Reza a lenda que, numa noite de  1966, Bob Dylan vinha pilotando sua moto por entre as colinas de Woodstock, onde tinha sua casa de campo. Um pouco atrás dele vinha sua esposa, Sara, ao volante com um dos automóveis do casal. A estrada estava molhada de chuva, a moto derrapou, e Dylan, foi projetado de encontro ao tronco de uma árvore. Sara freou, trouxe o carro para o acostamento e correu para socorrê-lo. Ao abaixar-se sobre seu corpo, percebeu, pelo ângulo, que ele tinha quebrado o pescoço, e não respirava. O maior gênio da música folk e do rock norte-americano dos anos 60 estava morto.
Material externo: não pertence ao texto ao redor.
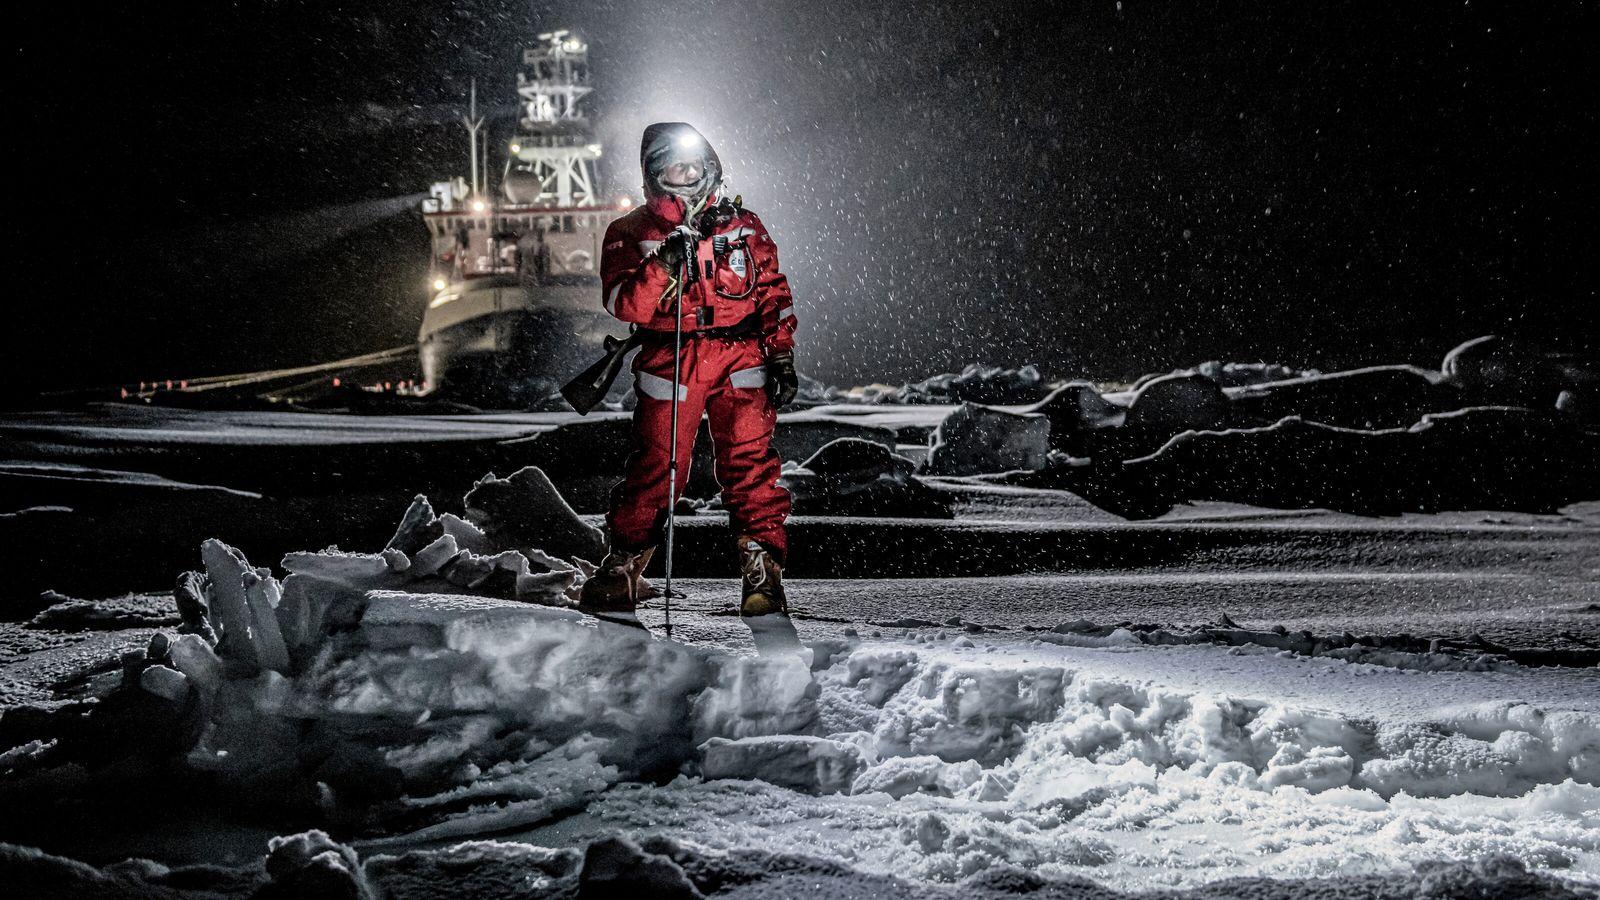 Eisbärenwache auf dem Eis des Arktischen Ozeans

Ou melhor - não é bem assim. O que muita gente não sabe é que, na fração de segunda em que seu corpo chocou-se contra a árvore, Dylan viu-se transportado para um local estranho, muito parecido com os bares enfumaçados do Village que poucos anos trás eram o único espaço onde lhe permitiam cantar com sua voz roufenha as canções folk que ele, hereticamente, escrevia por conta própria. O bar estava vazio, com cadeiras empilhadas sobre as mesas, mas sentado num banquinho no placo estava um homem com colete preto bordado a ouro, chapéu de cowboy, um rosto enrugado, e um bigodinho fino que lembrava o ator Vincent Price. "Estou morto?" perguntou dylan. "Por enquanto, não", disse o desconhecido. "Você está num ponto de divergência, onde tem a chance de escolher seu futuro. Como gostaria de estar, digamos, aos 65 anos?" "On the road", disse  ele sem pestanejar. "Cantando toda noite, para pequenas platéias, sem nunca repetir o mesmo show". O desconhecido sorriu: "Concedido". No bosque de Woodstock, o cantor mexeu-se, resmungou algo indistinto, e sua esposa deu um suspiro de alívio.
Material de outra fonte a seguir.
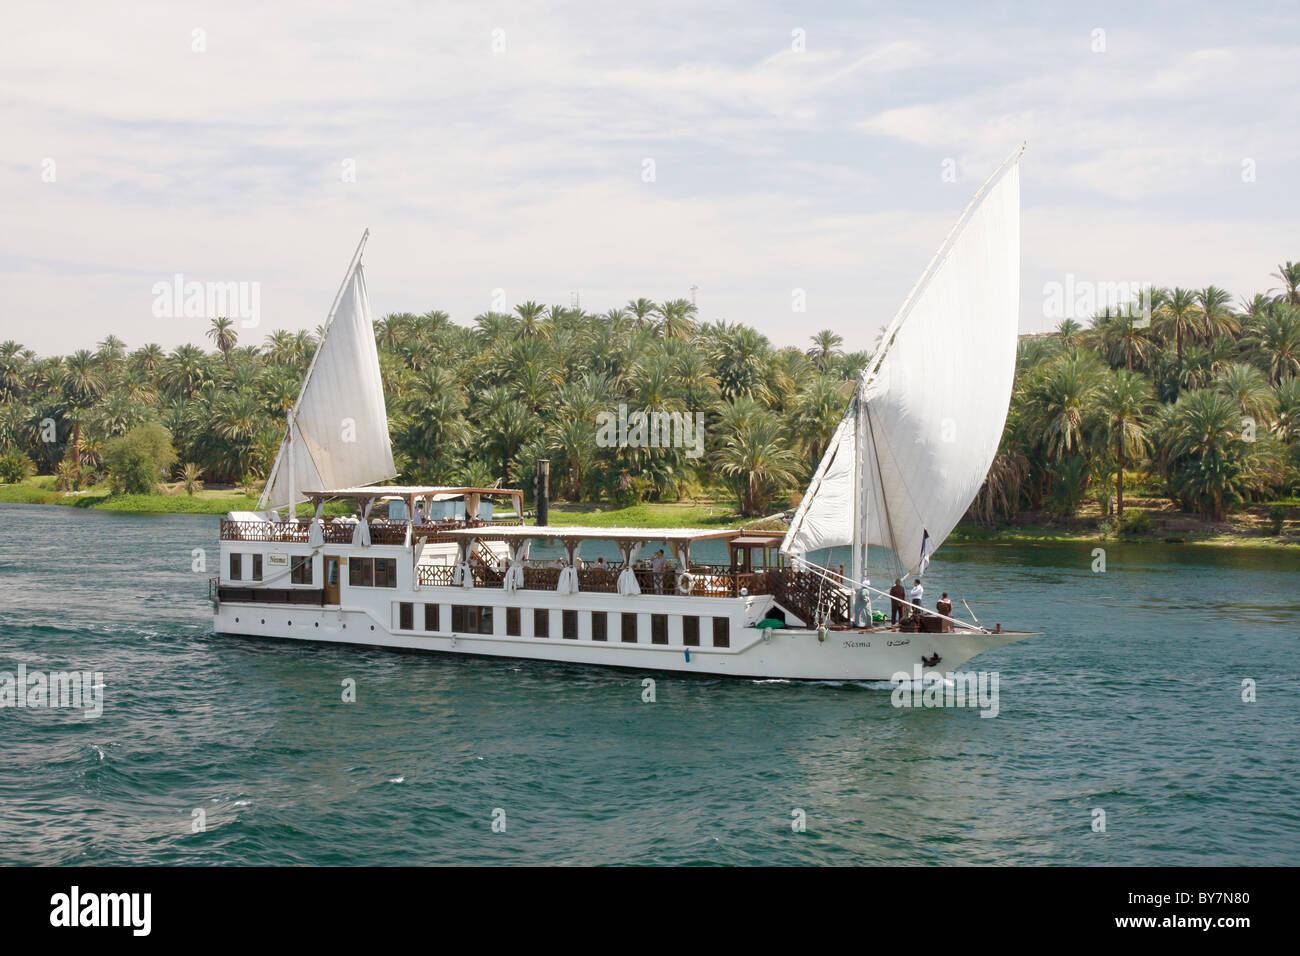 A tourist Dahabiya on the Nile, Egypt. Stock Photo

Hoje, dia em que completa 65 anos, Dylan está com a vida que desejou. Acompanhado há anos pelos mesmos músicos, ele realiza o que a imprensa batizou de "The Never Ending Tour". Viaja de ônibus, de cidade em cidade, e canta às vezes em cinco cidades diferentes numa semana. Agora em Maio ele deu uma pausa, mas em Junho vai à Europa.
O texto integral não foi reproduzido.